Pre-draft measurables
| Height | Weight | Arm length | Hand span | Wingspan | Wonderlic |
| 6 ft 3+3⁄8 in (1.91 m) | 226 lb (103 kg) | 32 in (0.81 m) | 9+1⁄8 in (0.23 m) | 6 ft 4 in (1.93 m) | 22 |
All values from NFL Combine

===Philadelphia Eagles===
On April 30, 2022, Strong signed an undrafted free-agent deal with the Philadelphia Eagles. It included a $20,000 signing bonus and $300,000 base guarantee.

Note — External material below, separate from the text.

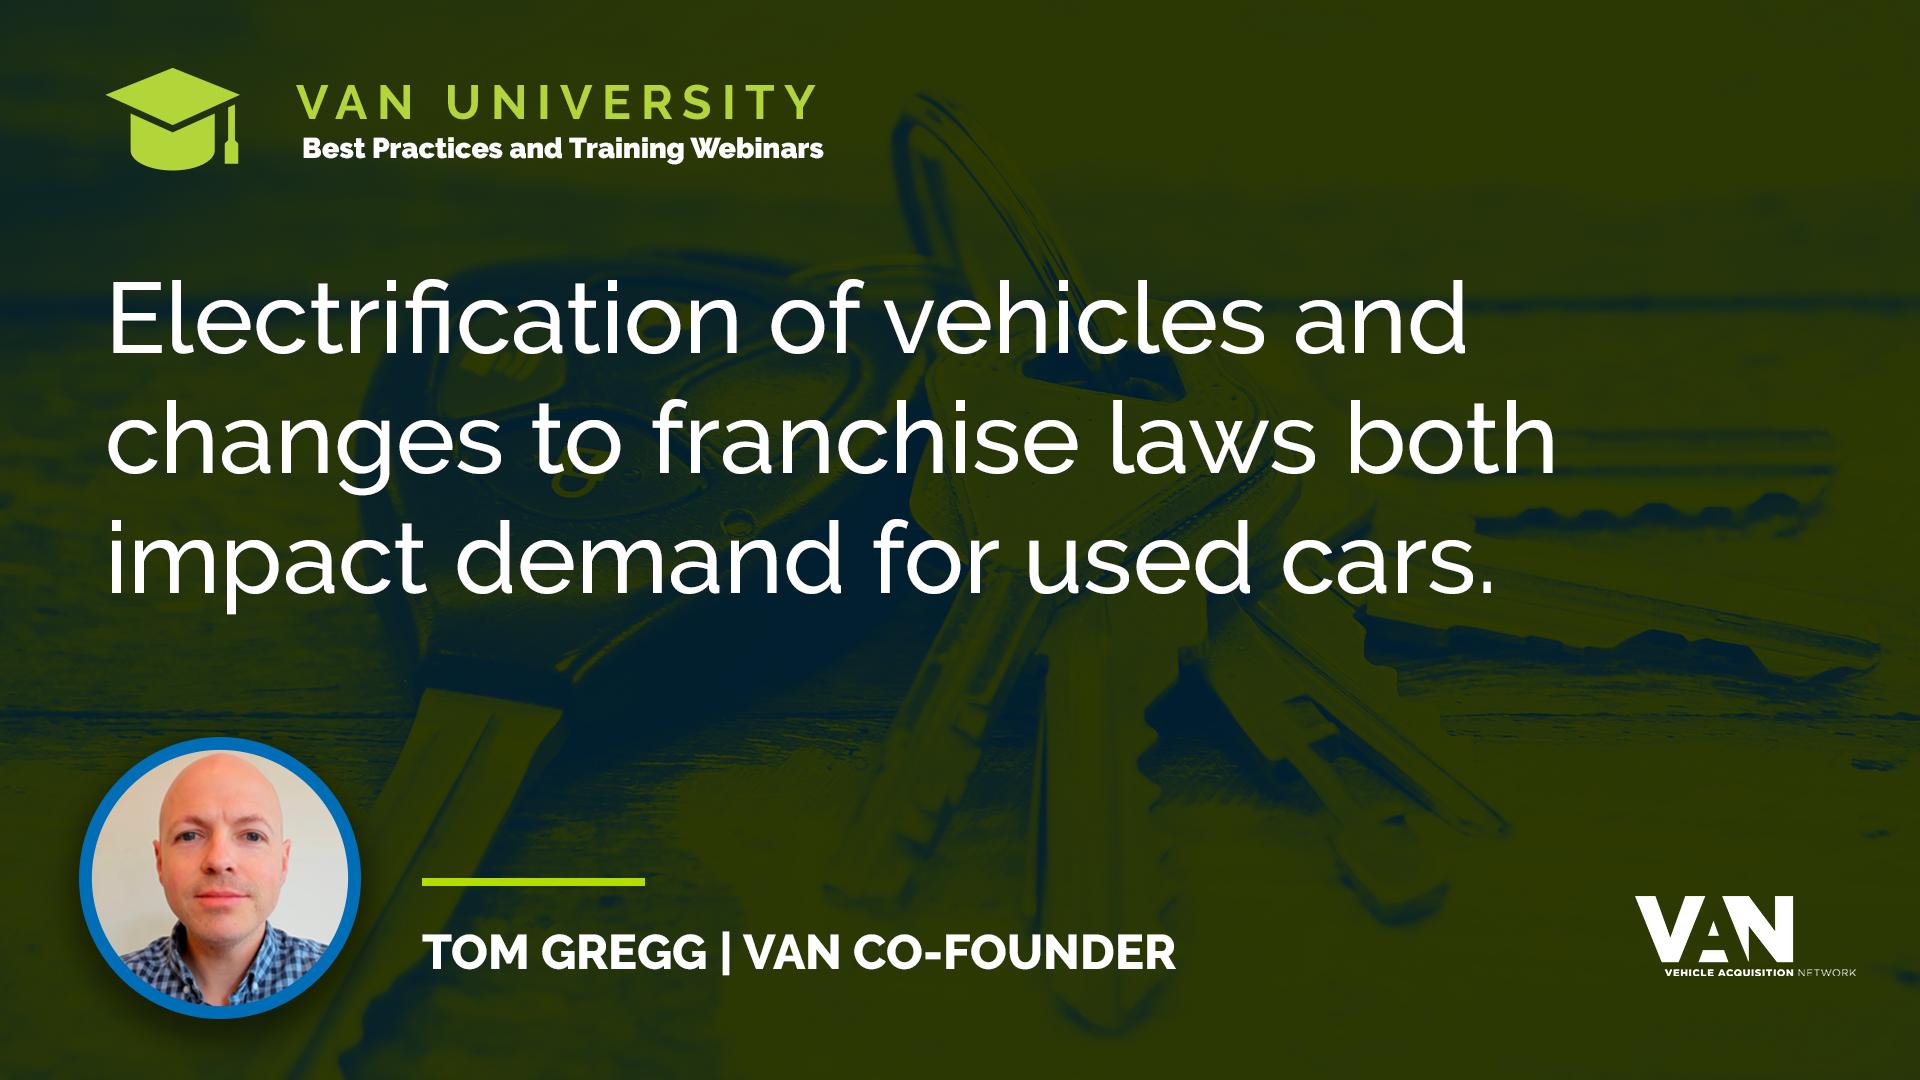 VAN Co-Founder Tom Gregg on demand for used cars

He was released on August 30.

===Arizona Cardinals===
On December 13, 2022, Strong was signed to the practice squad of the Arizona Cardinals. He was released one week later.

=== Michigan Panthers ===
On March 19, 2023, Strong signed with the Michigan Panthers of the United States Football League (USFL). He was placed on injured reserve on May 16, 2023. He was not part of the roster after the 2024 UFL dispersal draft on January 15, 2024, and was waived on January 29. Two days later, Strong announced his retirement from playing, citing recurrent knee issues.

==Career statistics==

===USFL===

| Year | Team | Games |  | Passing |  |  |  |  |  |  |  |
| GP | GS | Cmp | Att | Pct | Yds | Y/A | TD | Int | Rtg |
| 2023 | MICH | 4 | 0 | 31 | 49 | 63.3 | 266 | 5.4 | 1 | 2 | 67.2 |

===College===

| Season | Games |  |  | Passing |  |  |  |  |  |  | Rushing |  |  |  |
| GP | GS | Record | Cmp | Att | Pct | Yds | TD | Int | Rtg | Att | Yds | Avg | TD |
| 2018 | 1 | 0 | — | 0 | 0 | 0.0 | 0 | 0 | 0 | 0.0 | 1 | 4 | 4.0 | 0 |
| 2019 | 10 | 9 | 5–4 | 237 | 374 | 63.4 | 2,335 | 11 | 7 | 121.8 | 54 | 6 | 0.9 | 0 |
| 2020 | 9 | 9 | 7–2 | 249 | 355 | 70.1 | 2,858 | 27 | 4 | 160.6 | 33 | 95 | 2.9 | 0 |
| 2021 | 12 | 12 | 8–4 | 366 | 523 | 70.0 | 4,175 | 36 | 8 | 156.8 | 51 | 208 | 4.1 | 0 |
| Career | 32 | 30 | 20–10 | 853 | 1,253 | 68.1 | 9,379 | 74 | 19 | 147.5 | 139 | 305 | 2.2 | 0 |

==Coaching career==
On July 21, 2023, Strong joined Colorado State University's coaching staff under Jay Norvell as a volunteer assistant.

A week after starting at Colorado State, Strong joined his alma mater Nevada's coaching staff as an assistant coach.